───── Dataset content ─────

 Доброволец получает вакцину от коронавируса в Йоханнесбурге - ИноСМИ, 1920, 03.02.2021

─────
───── Dataset content ─────

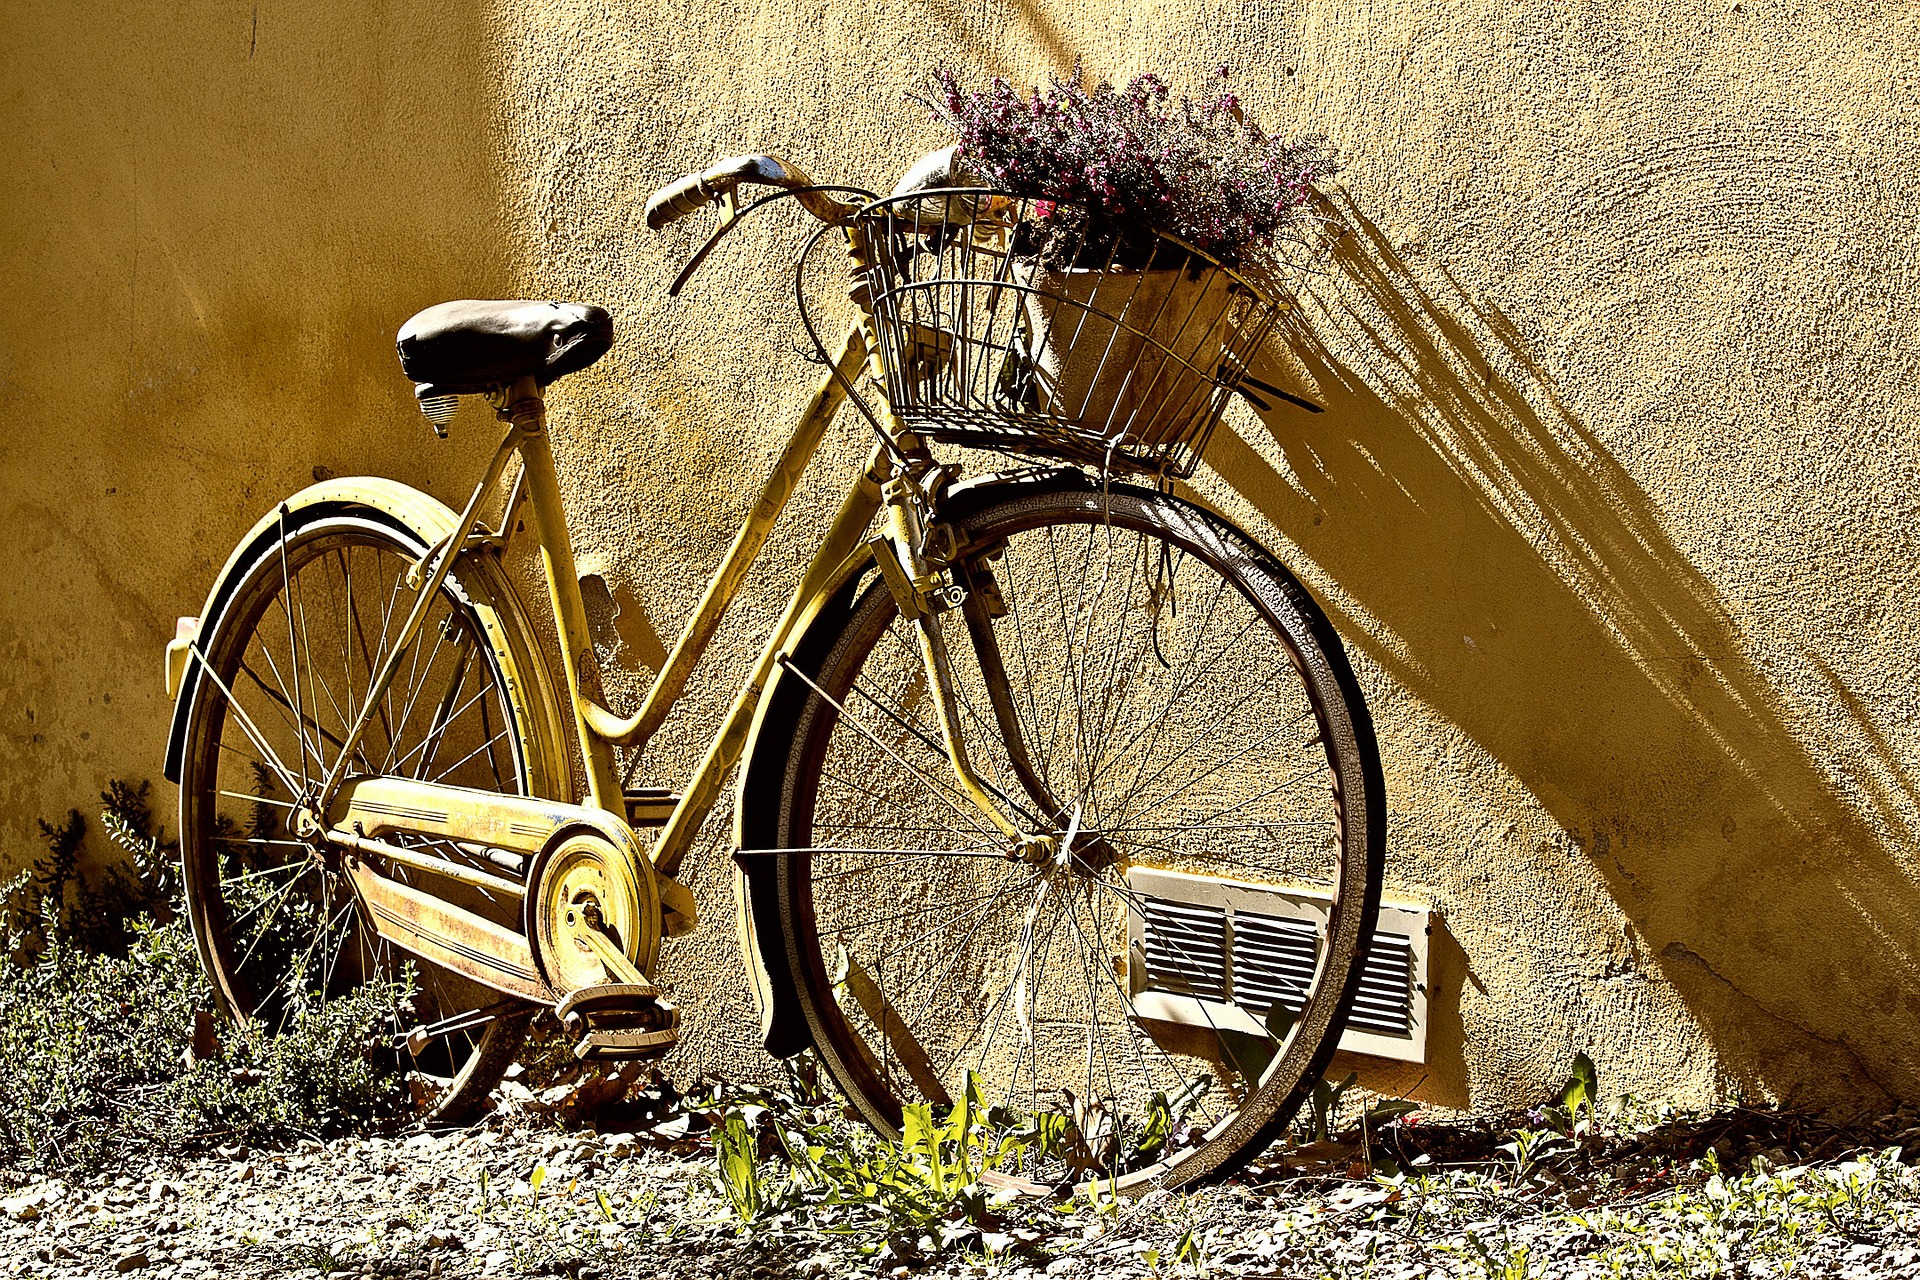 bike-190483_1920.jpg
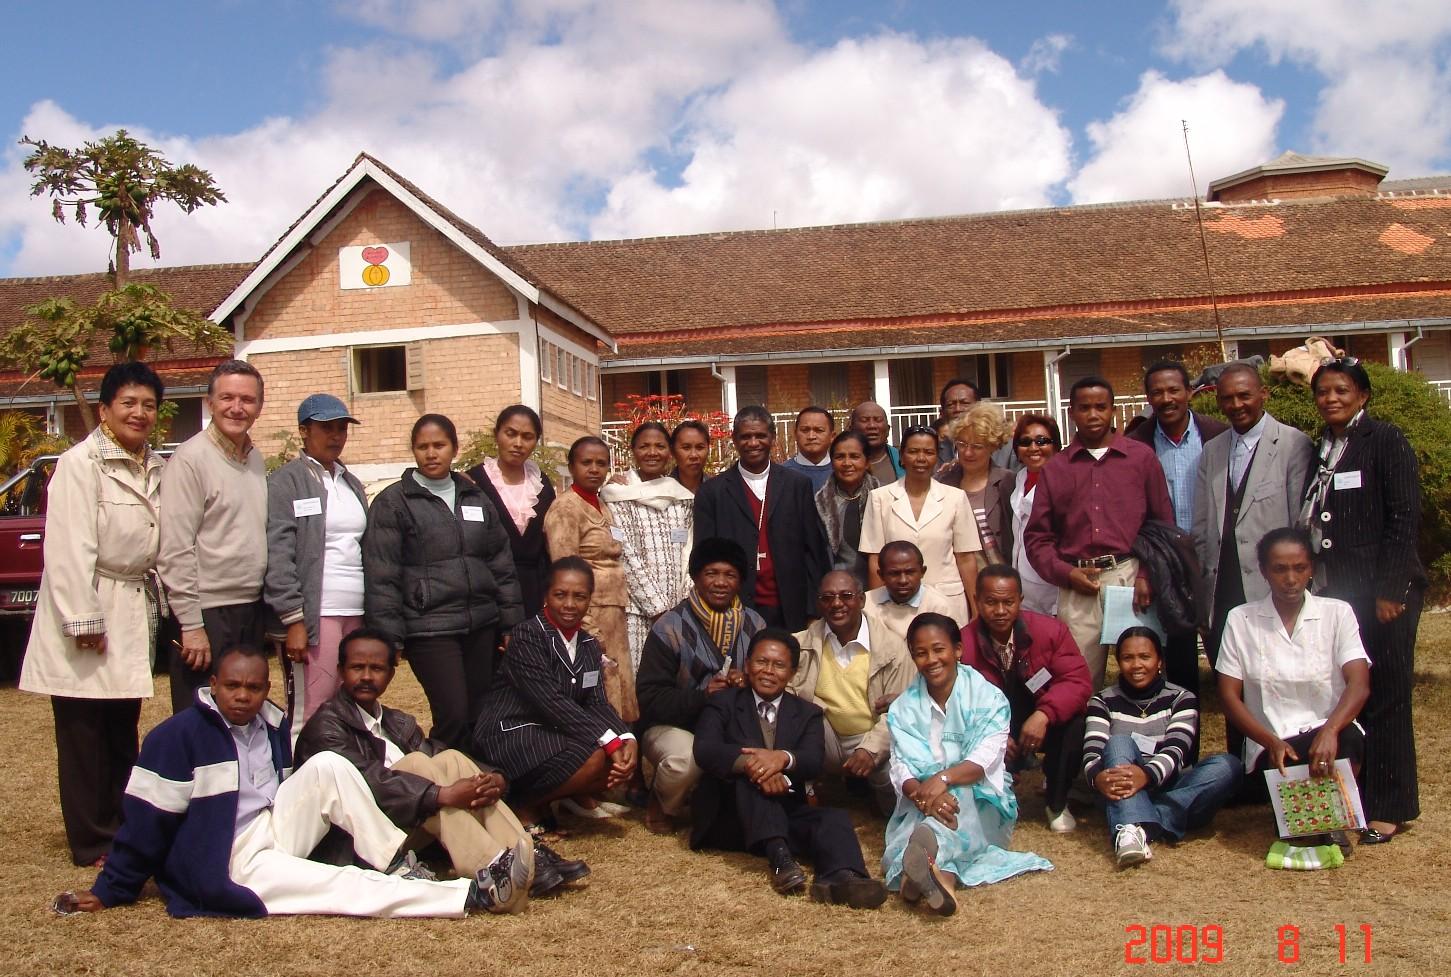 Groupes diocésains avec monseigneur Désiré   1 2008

─────
───── Dataset content ─────

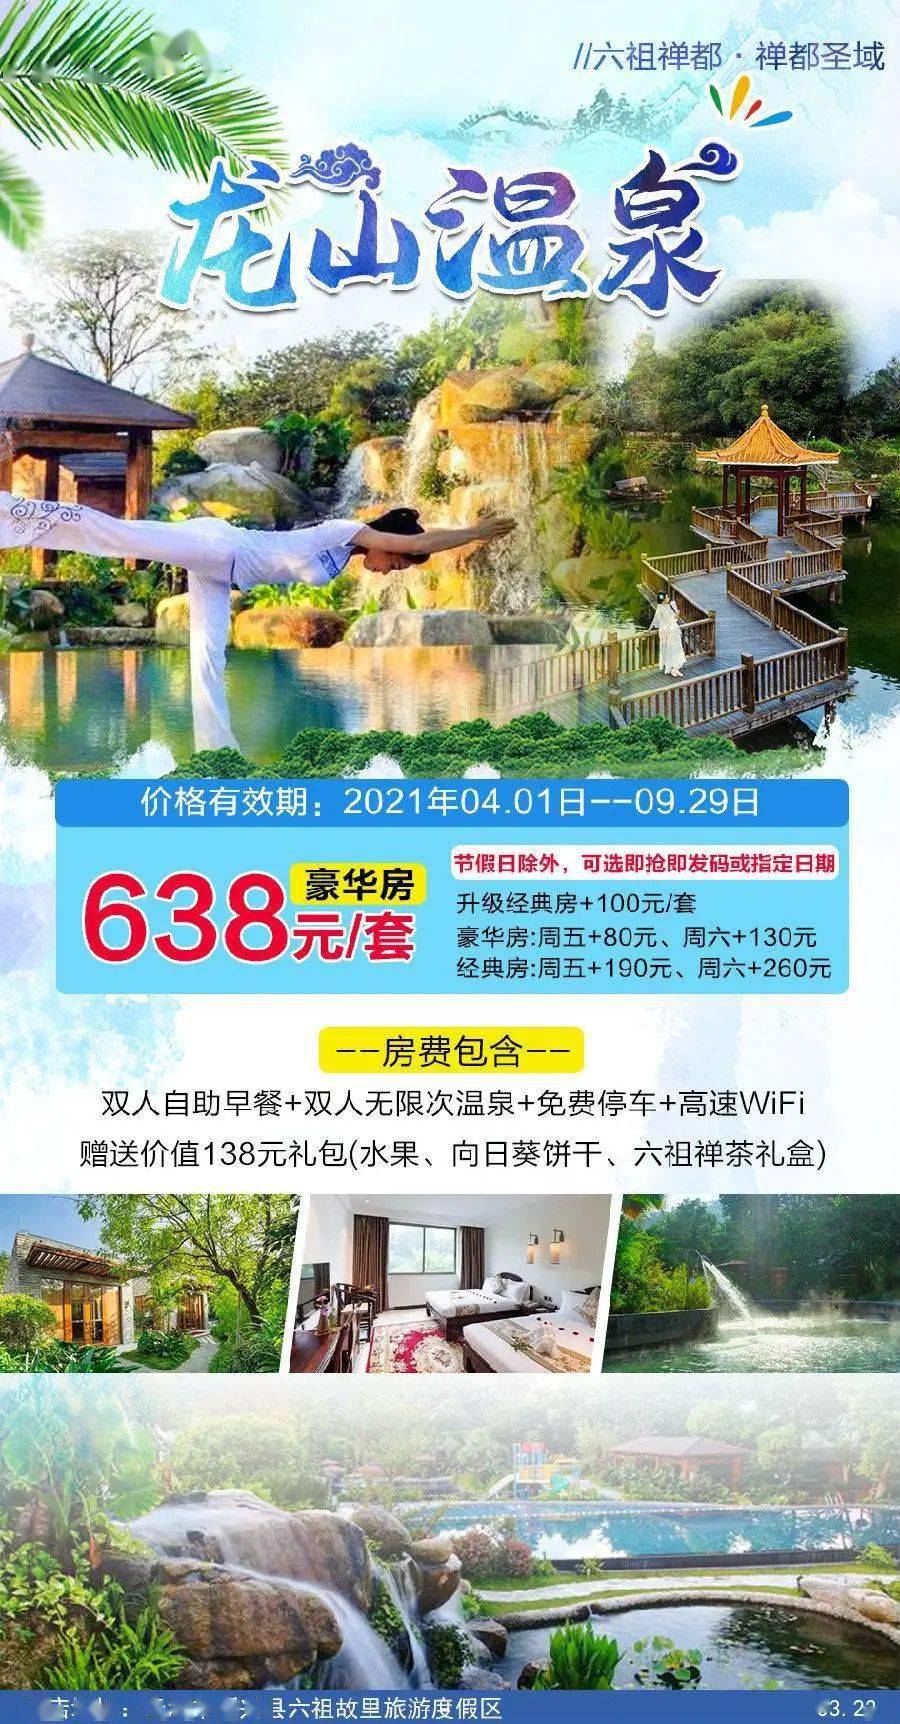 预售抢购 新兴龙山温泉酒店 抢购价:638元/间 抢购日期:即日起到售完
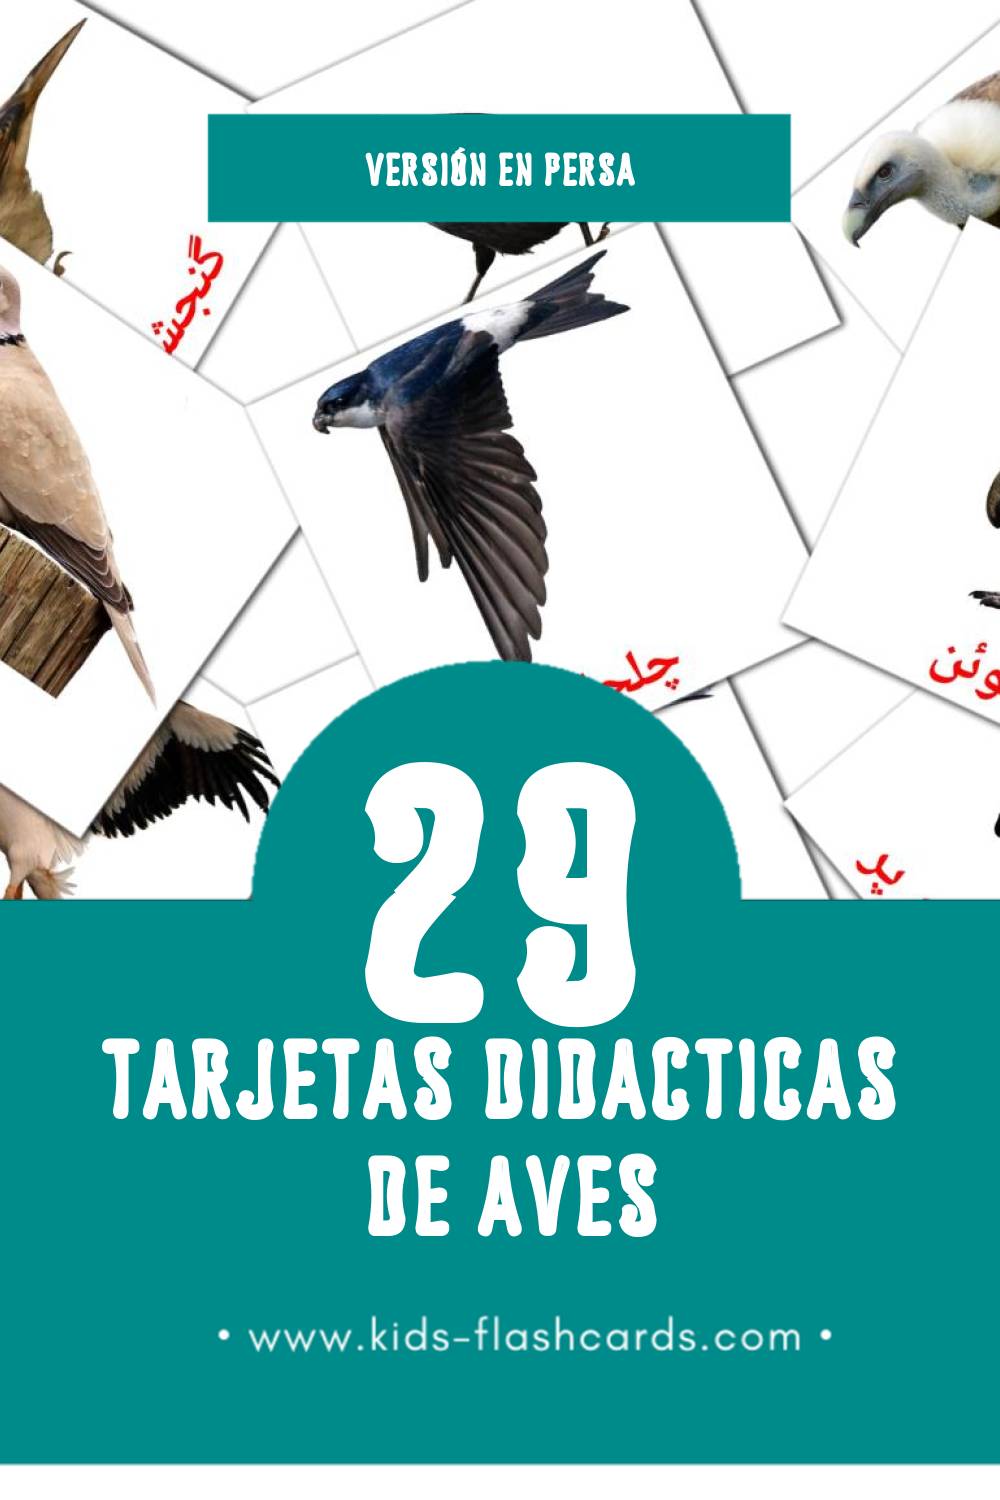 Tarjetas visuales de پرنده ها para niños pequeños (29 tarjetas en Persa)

─────

Once the line with "bike-190483_1920.jpg" is found above, print it and every line after it through the line with "Groupes diocésains avec", exactly. Pictures stay out.

Answer box:
 bike-190483_1920.jpg
 Groupes diocésains avec monseigneur Désiré   1 2008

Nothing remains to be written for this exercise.